Teunis described himself as having poor grades and being distracted by both his interest in girls and his hobby of being a disc jockey. “I woke up one morning and decided I’d had enough, and that I had to change my life and become a better person,” he said. “I hit the books, aced my [sophomore year] exams, and passed my classes. Then I signed myself up for military school. I felt like I had a great opportunity for success here.”

Teunis considered military schools because he had an interest in being in the military. He chose R-MA because it was close to his hometown of Great Falls, VA, he liked the opportunities available, and the flight program seemed interesting. Once he tried flight, he was hooked.

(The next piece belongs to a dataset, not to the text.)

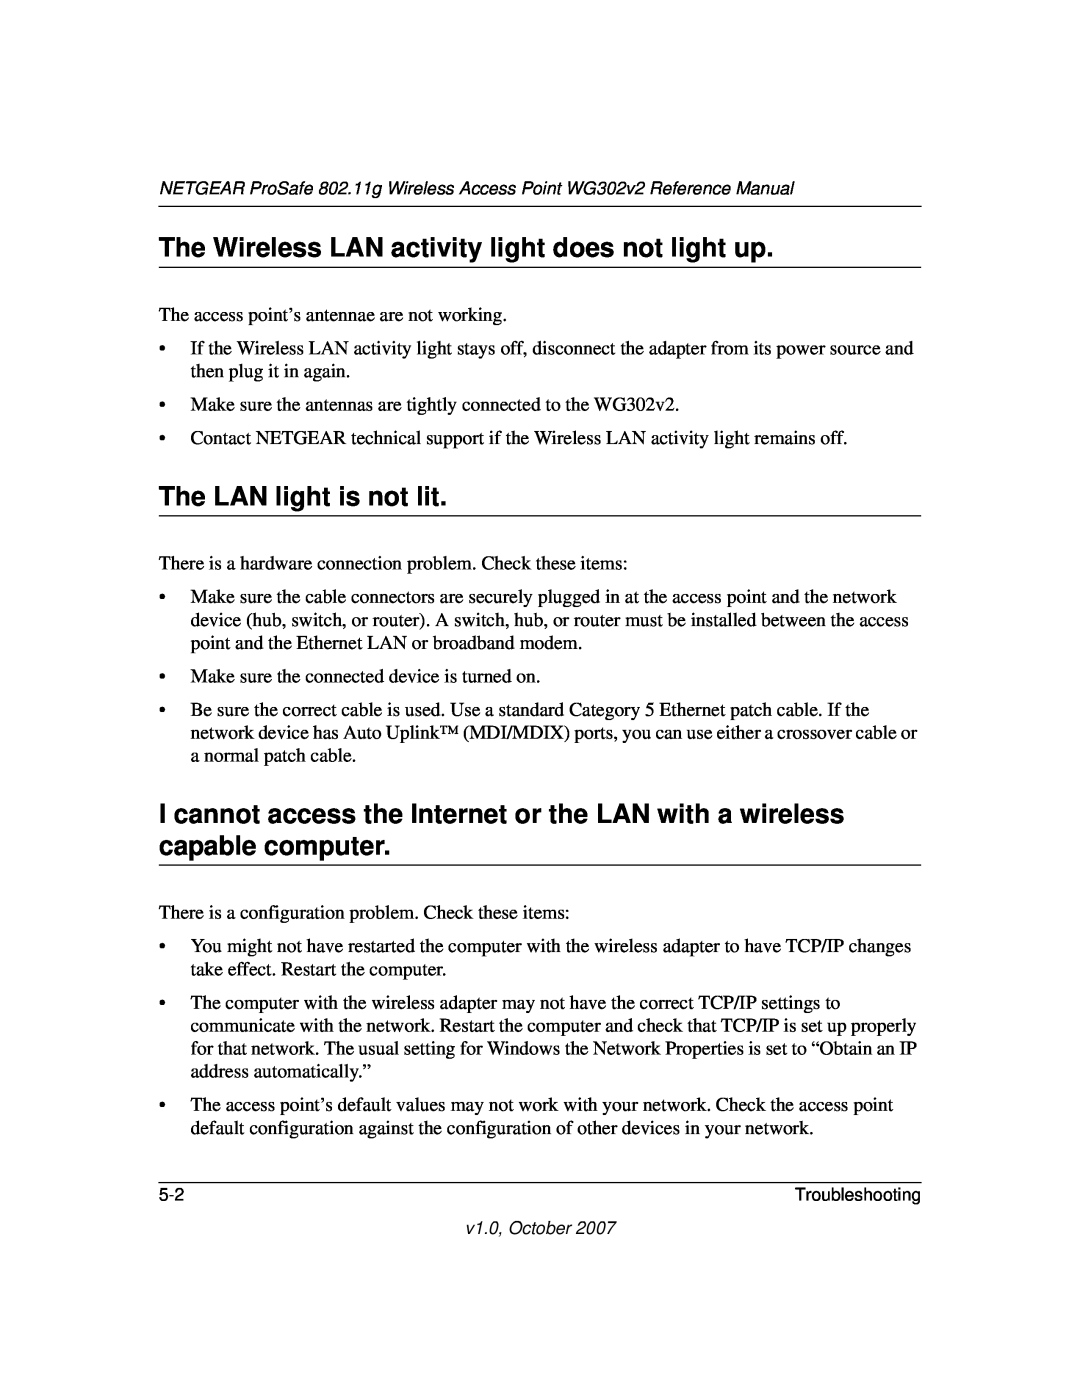 WGC WG302V2 manual The Wireless LAN activity light does not light up, The LAN light is not lit

“There is nothing else in the world that make can me feel as good as I do when I’m flying a plane,” he said. “So I decided that’s what I wanted to do for the rest of my life.”

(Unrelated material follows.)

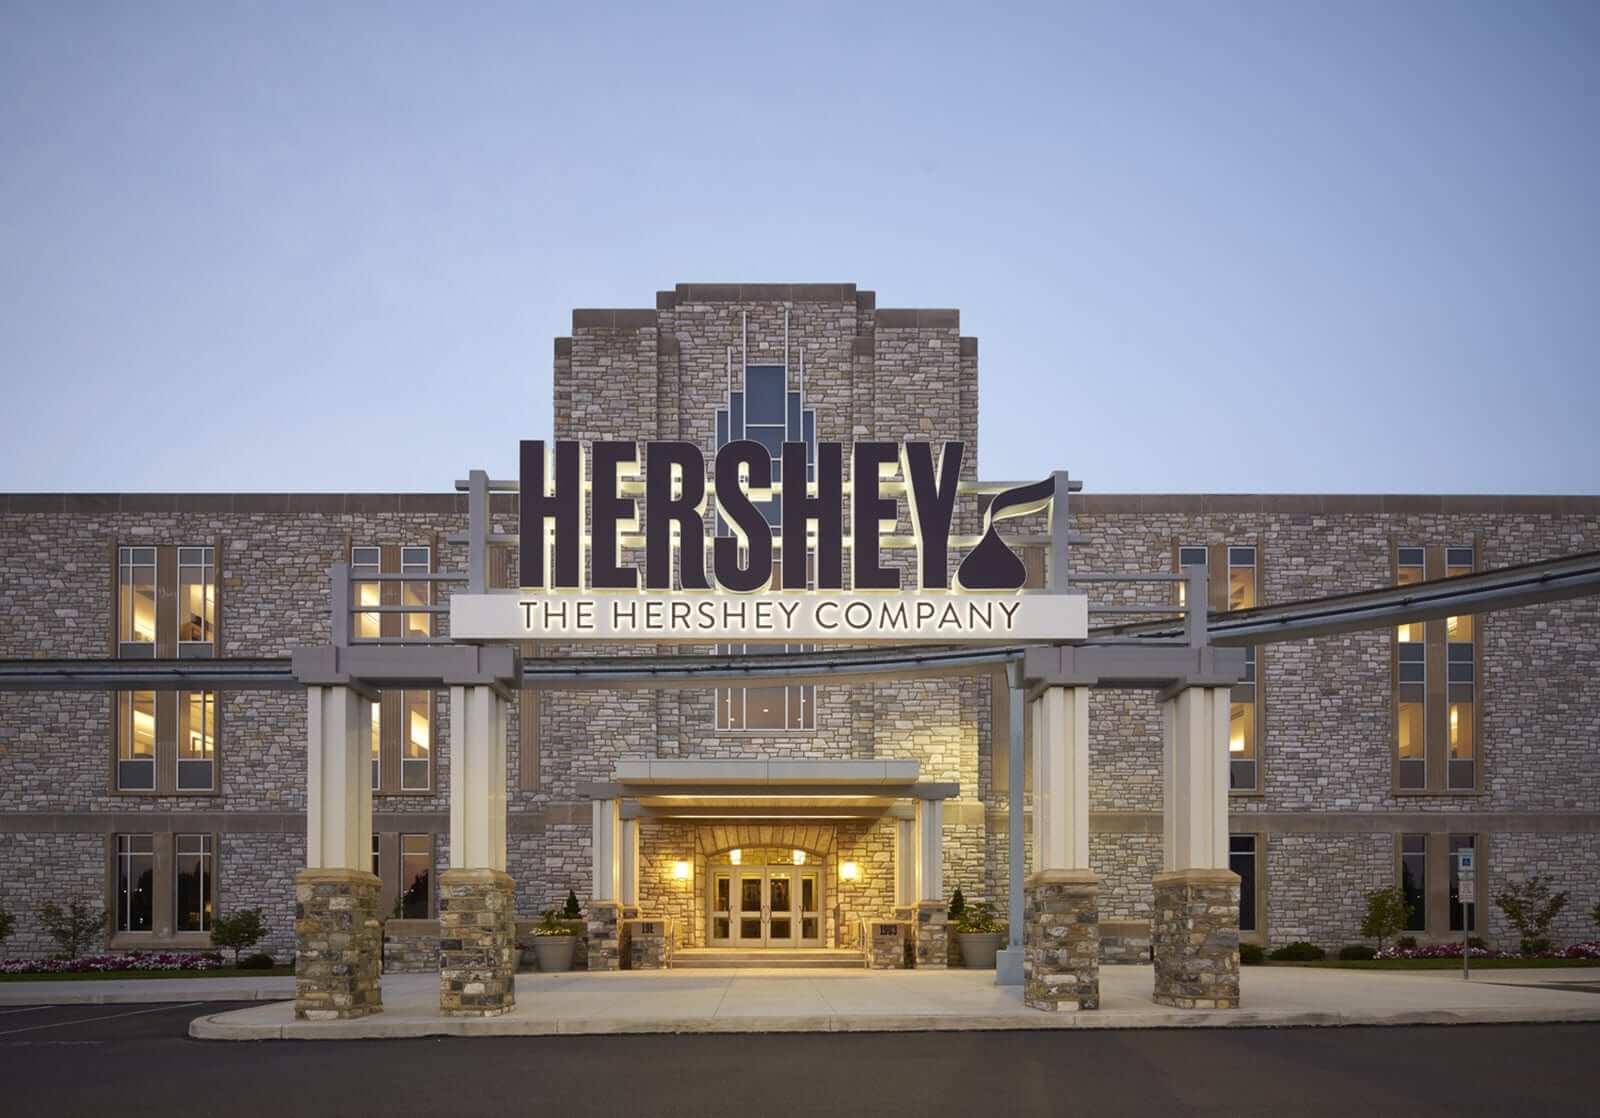 Hershey Mission & Vision Statement

By the time he tried flying as a junior this past fall, Teunis had already become involved in sports and he had raised his grades from the C average he had at Langley High School to a 3.9 at R-MA. Since students have to miss either class or sports to fly, adding flight to his schedule was a bit of a challenge.

“I tried to compromise and juggle everything,” he said. “I wanted to keep my grades high, which I have, and I wanted to stay involved in athletics, which I have. The time management was unbelievable. It’s priceless to me.”

Teunis achieved a key milestone in flight when he flew solo for the first time on May 22, 2014. 

“Going in I was very confident,” he said. “I had been expecting to solo the next week, but I was pleasantly surprised when the flight instructor [Ms. Laura Abraham] said, ‘Okay, I’m getting out. Good luck.’” His eyes lit up as he recalled the experience. “I was all right until I was airborne. Then I was shaking like a phone on silent. And I was sweating. The plane is so light that when someone gets out it’s a big difference. It goes so fast.”

Teunis did manage to calm himself down and complete three successful take-offs and landings at Front Royal-Warren County Airport that day. “I told myself, ‘Keep your cool. The air is where you’re comfortable,’” he said. 

After he was finished, Teunis described himself as “exhausted–excited, but physically exhausted from concentrating.” He hugged his flight instructor, called his mother to share the news, and once he returned to the R-MA campus he proceeded to thank everyone who had encouraged and motivated him over the past school year. 

With his first solo accomplished, Teunis has already set his sight on his next goal: earning a private pilot certification before graduating from Randolph-Macon Academy in 2015. 

Randolph-Macon Academy (R-MA), founded in 1892, is a college-preparatory, coeducational boarding school for students in grades 6 through 12.  Students in grades 9-12 participate in R-MA’s 91st Air Force Junior Reserve Officer Training Corps (JROTC), and have the opportunity to fly in a unique flight program.  R-MA is affiliated with the United Methodist Church and is located in Front Royal, Virginia.